Just Another Adventure: Gratitude;
Gardeners Grabbed by Life-Altering Events
Seeing it Happen
One day you step into a cow pile, the next a patch of wildflowers. I actually found two days in my life when all flowed together. I felt so buoyant it was as though I was in a slow moving stream with a life preserver, just bobbing along. There was some good news concerning my health. Two back-to-back days of perfect weather and no errands to run, no doctor’s appointment, no distractions. What more could be asked for? I felt like I should thank the powers that arranged my opportunities to feel gratitude. Perhaps I should get the cover off the grill and offer up a burnt sacrifice.
I have been trying to see my garden through different eyes this spring. I walk the usual directions on the paths, then turn around and walk the same path in the opposite direction. A beginning of breaking a habit, of seeing my garden from a different perspective. It is still too early to see all the perennials emerge and fill out, but that may not be a bad thing. This way I can focus on the backbones of each section of the garden. After spending some time and thinking, feeling, my focus shifted to how and where to put the new thoughts into action.
Seeing too Much
At first I overwhelmed myself with all that I saw needing attention. After all, there was over three years of neglect to overcome. Then I remembered how to approach an insurmountable problem; one small section at a time. I walked the garden one more time and chose where I would begin. It was a well-defined area in the garden and of reasonable size. My guesstimation was about 4 to 5 days of focus in this one area. First the weeding, then rethinking the design, filling open spots and bringing in plants from other places in the garden, while removing a deceased Japanese maple.
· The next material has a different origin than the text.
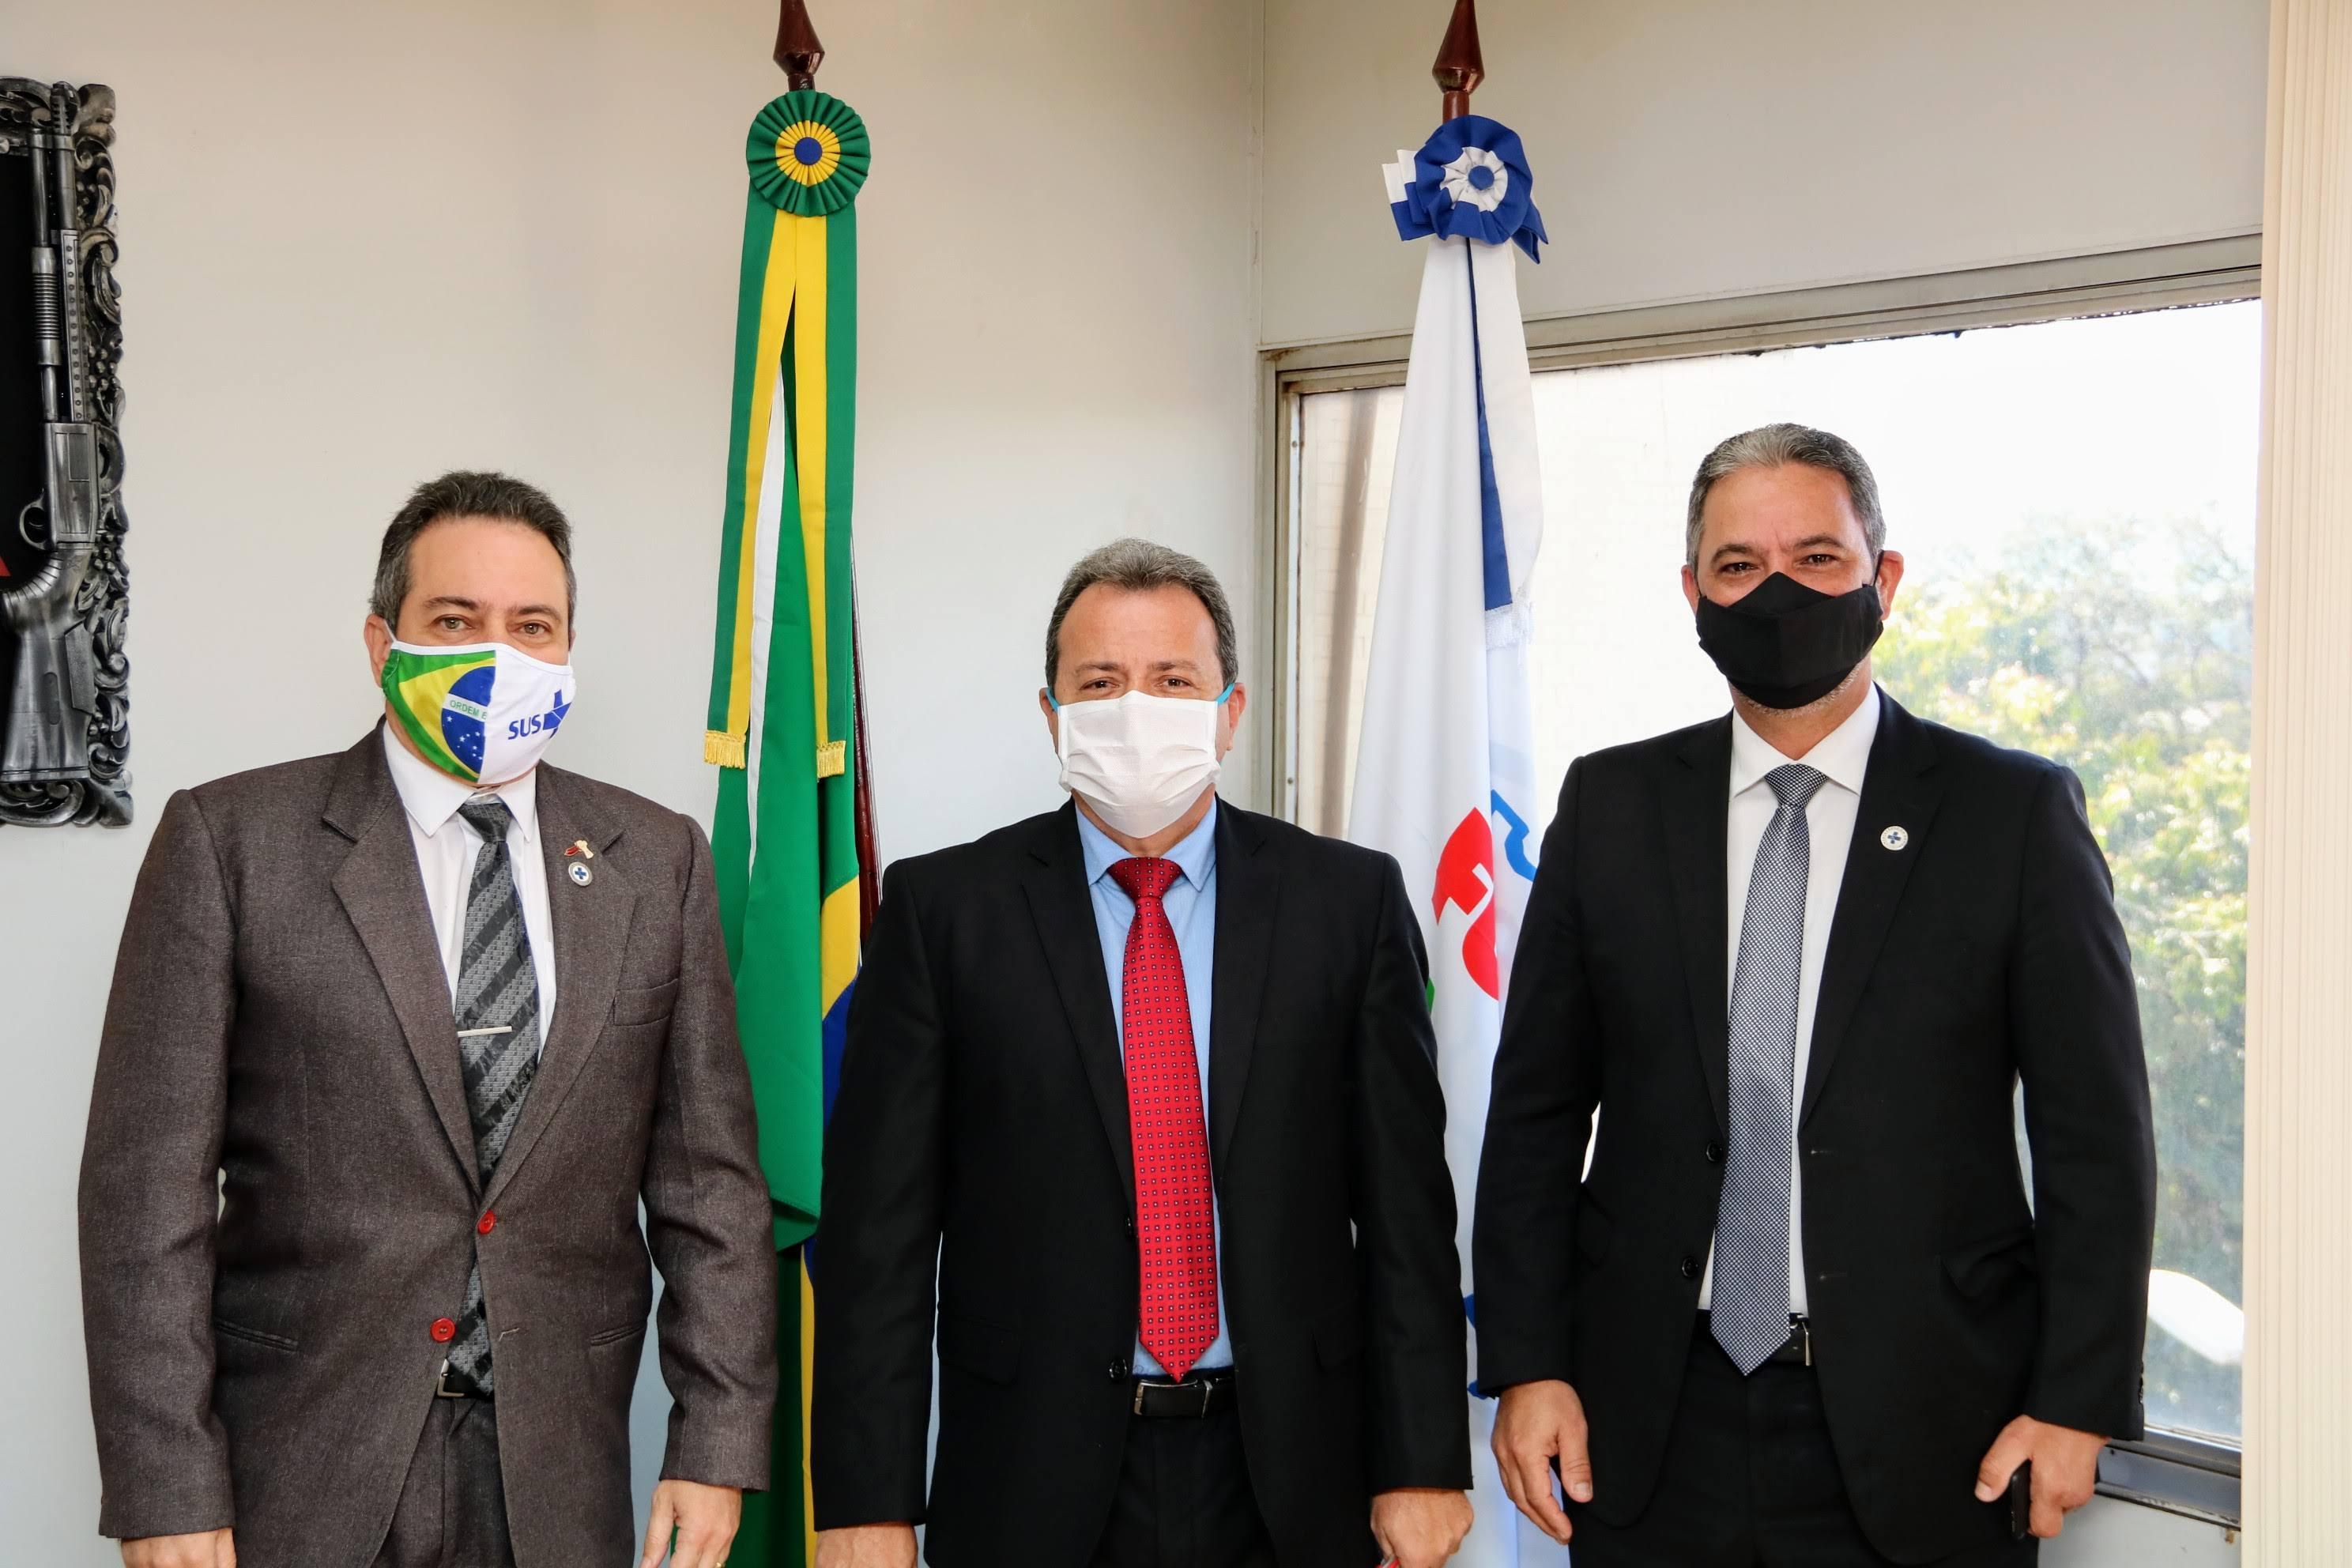 Secretário-executivo do Ministério da Saúde visita a Funasa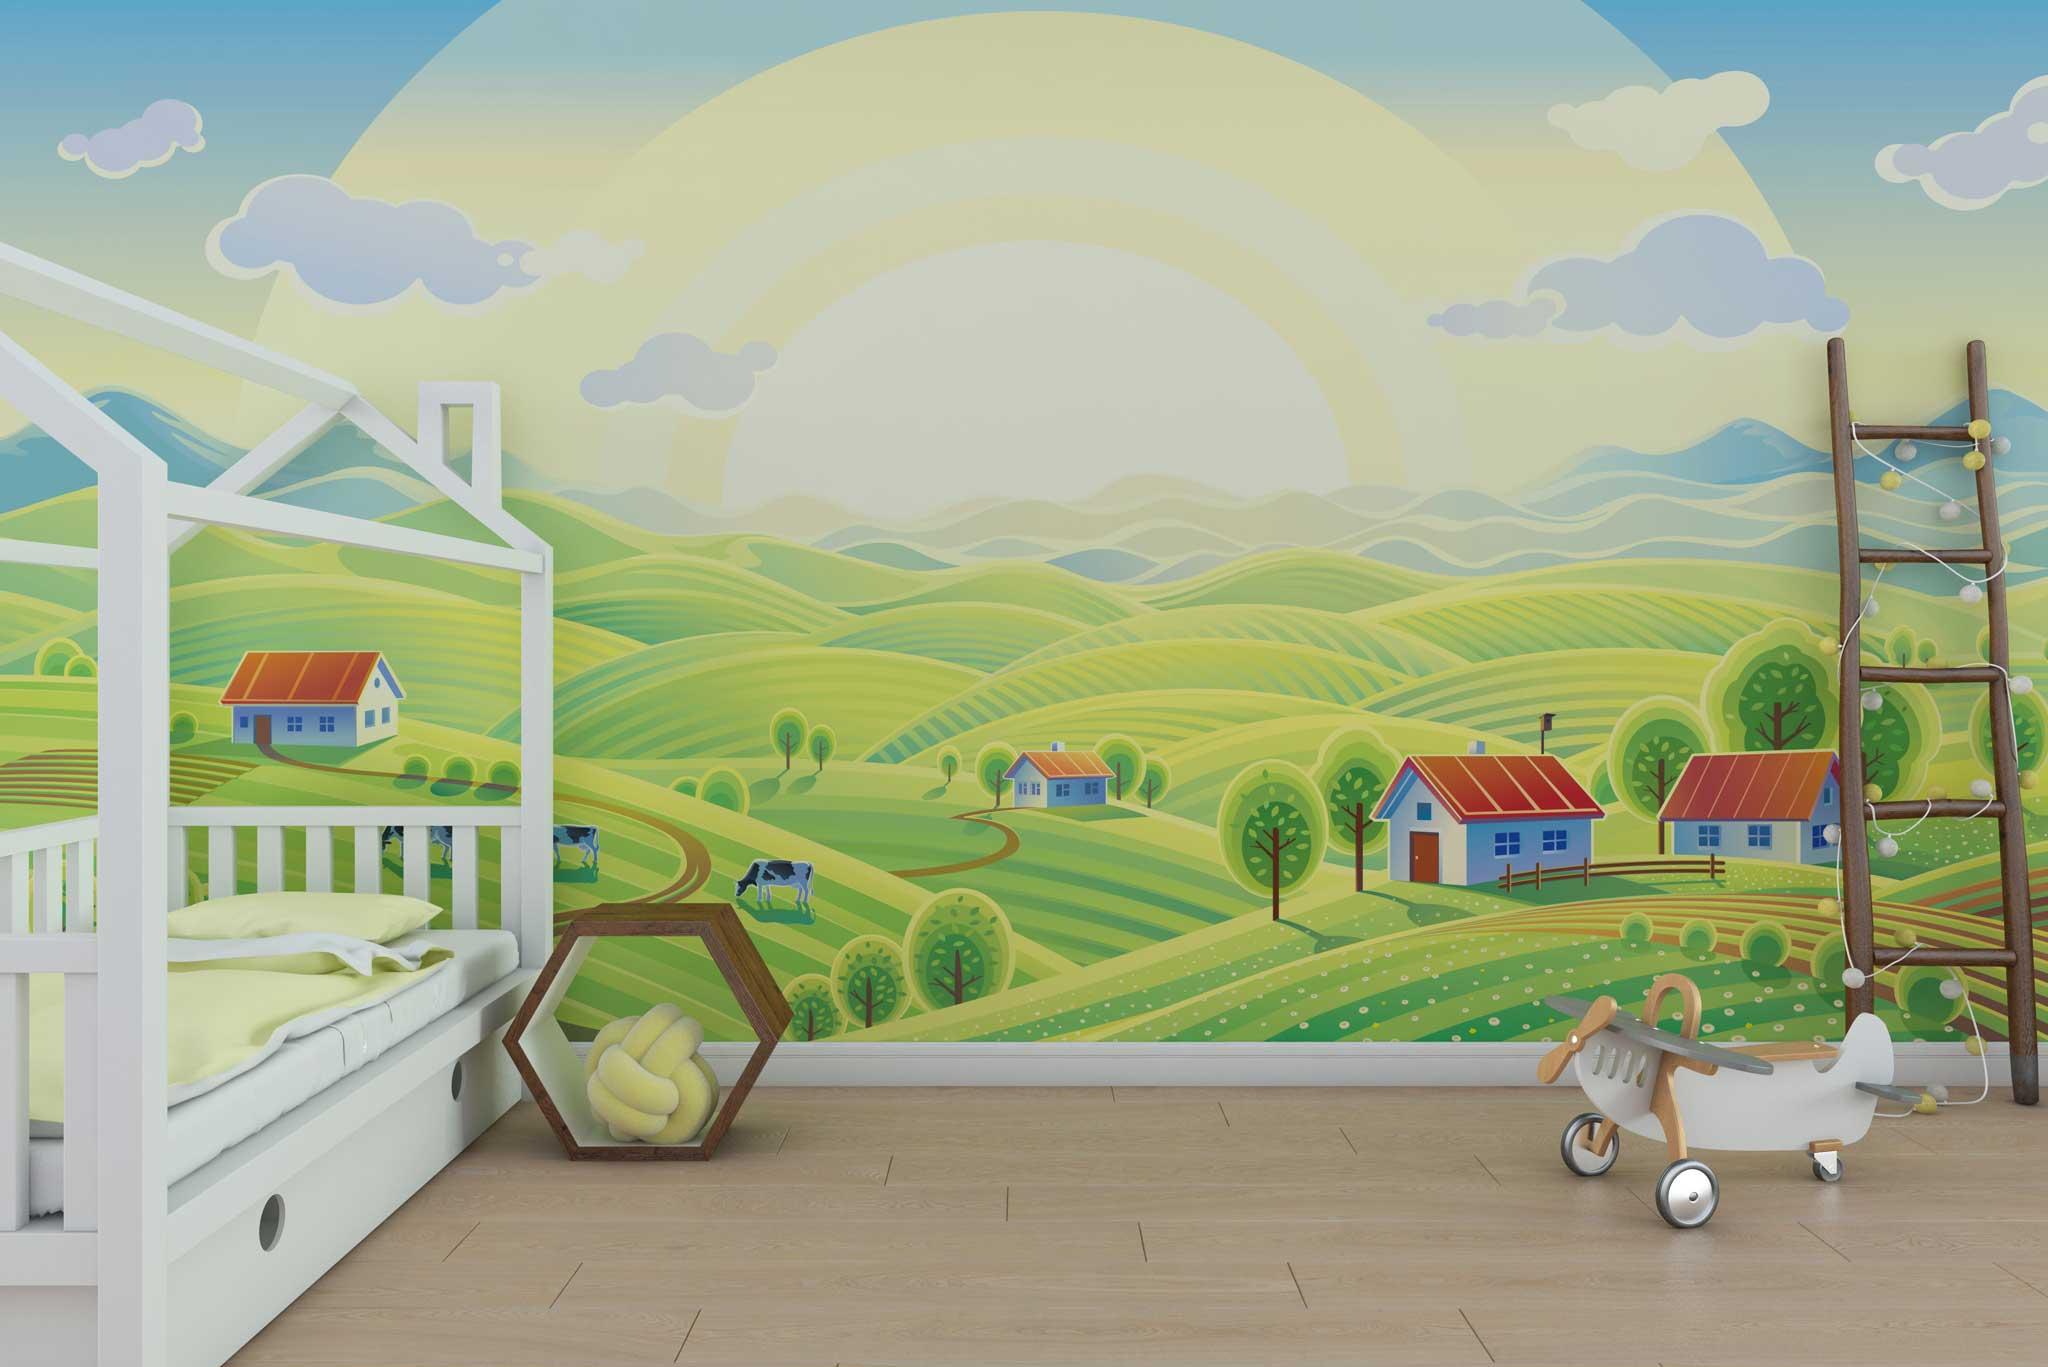 tapet-fototapet-design-personalizat-customizabil-comanda-special-camera-dormitor-copii-model-sat-dealuri-soare-stralucitor-campie-verde-multicolor

A Japanese maple did not make it after five years from transplant and was preceded by another Japanese maple, then before that a native tree. All were in amended soil in a raised bed with a wet weather spring running beside the area. Perennials are doing fine in the area, but the trees have not and I do not have a clue. So, shifting gears I think I will choose one of those indestructible native trees. I am leaning toward a weeping cultivar of our native redbud (Cercis), Ruby Falls. That should kick in some drama.
I moved a clump of lilies to the base of the existing Japanese maple on the opposite end of the bed. The maple there has foliage that begins golden yellow and moves the yellow color into veins within brown-red leaves. The transplanted lily clump, that I have forgotten the name of, has strap-like undulating leaves and the flowers are Halloween-orange in color. Be interesting to see how the orange blooms pair up with the bright red-brown foliage of the maple.
I finally moved four clumps of Snowdrops (Galanthus, transplanting them near the three clumps of Adonis. I have be threatening to make that move for some years now. They are so perfectly matched in foliage and bloom I still wonder why I did not make the move long ago. Adonis has feathery bright green foliage and waxy bright yellow blooms. Snowdrops have strap-live foliage and white hanging bells for bloom. Both will quickly disappear after bloom and seed set, so I need to pair them up with something to take over the stage when they depart the current act.
Three existing ferns form the background to one section of the bed and I am considering one or three new ferns that have color besides green. Perhaps an autumn fern with its golden copper color.
There still some remaining species lilies clumps that are getting overgrown in their current location. Thinking Martagons with deep purple-black blooms to pick up the color of the new redbud tree foliage.
I am aware that science says there are friendly microbes, bacteria, assorted not-visibles in the soil that makes us feel good when we come into skin to soil contact. I am a true believer in that one. But when I get into my garden in perfect weather with lots of plans buzzing around in my head, what more could one ask of the day?
I sure am grateful my soul and I have one more day, today, to be as close to heaven one can be without becoming compost.